## Required work
Write the listing below out again word for word, without a single picture.

## Information supplied
╔══

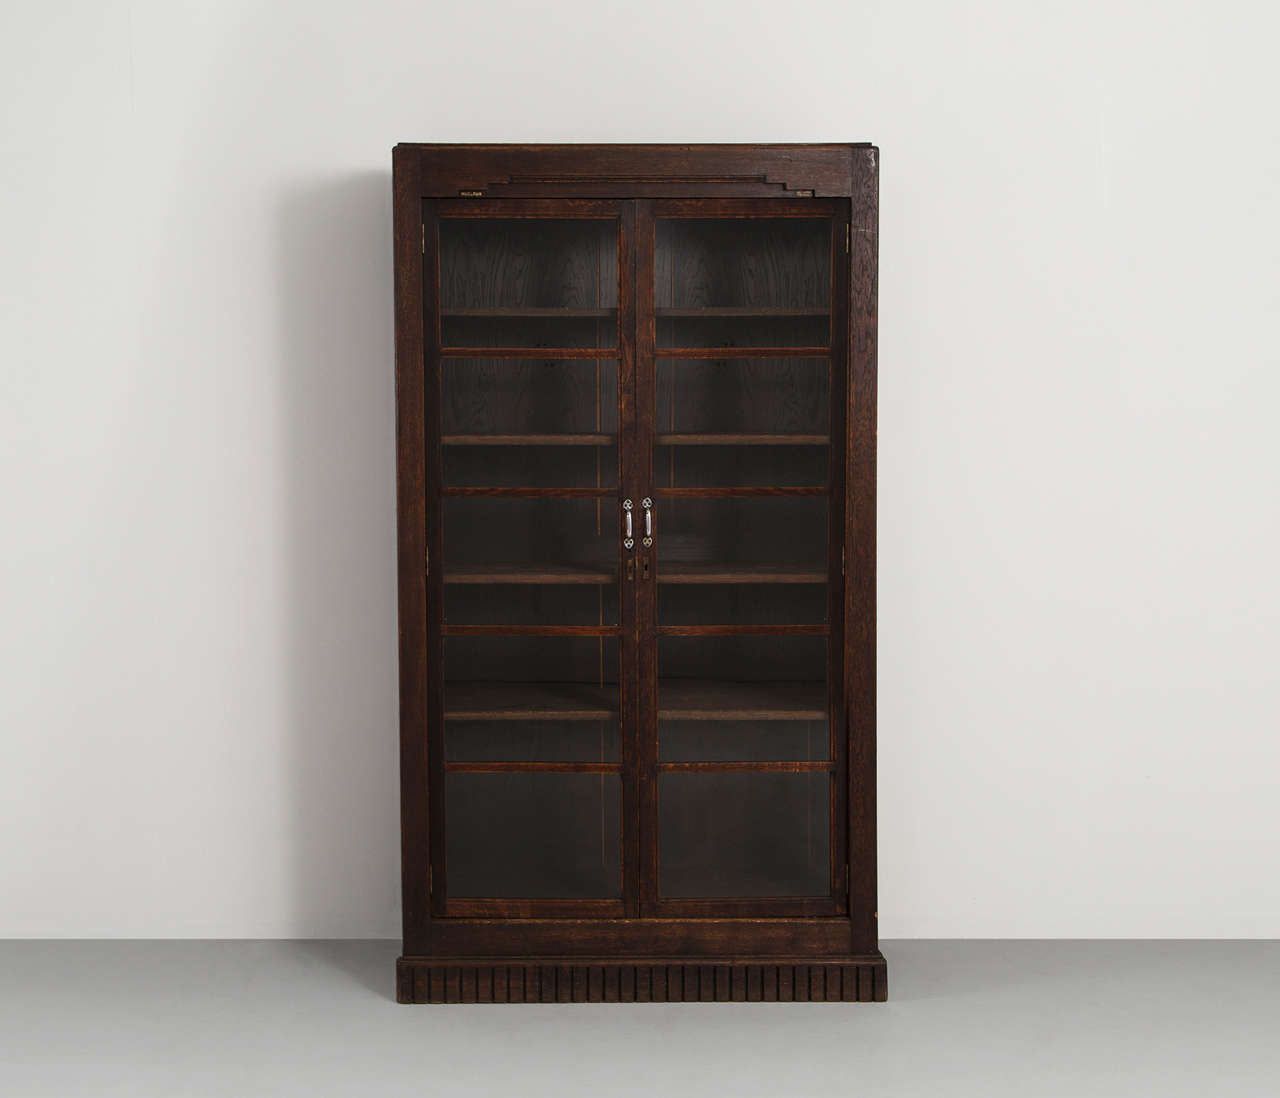 A pair of large showcases / pharmacist closet, with glass door panels.
The piece are made out of stained oak. 

The cabinets provide plenty of storage space due to its four adjustable shelves.
Please note the elegant details in the woodwork,

╚══

## Task response
 A pair of large showcases / pharmacist closet, with glass door panels.
The piece are made out of stained oak. 

The cabinets provide plenty of storage space due to its four adjustable shelves.
Please note the elegant details in the woodwork,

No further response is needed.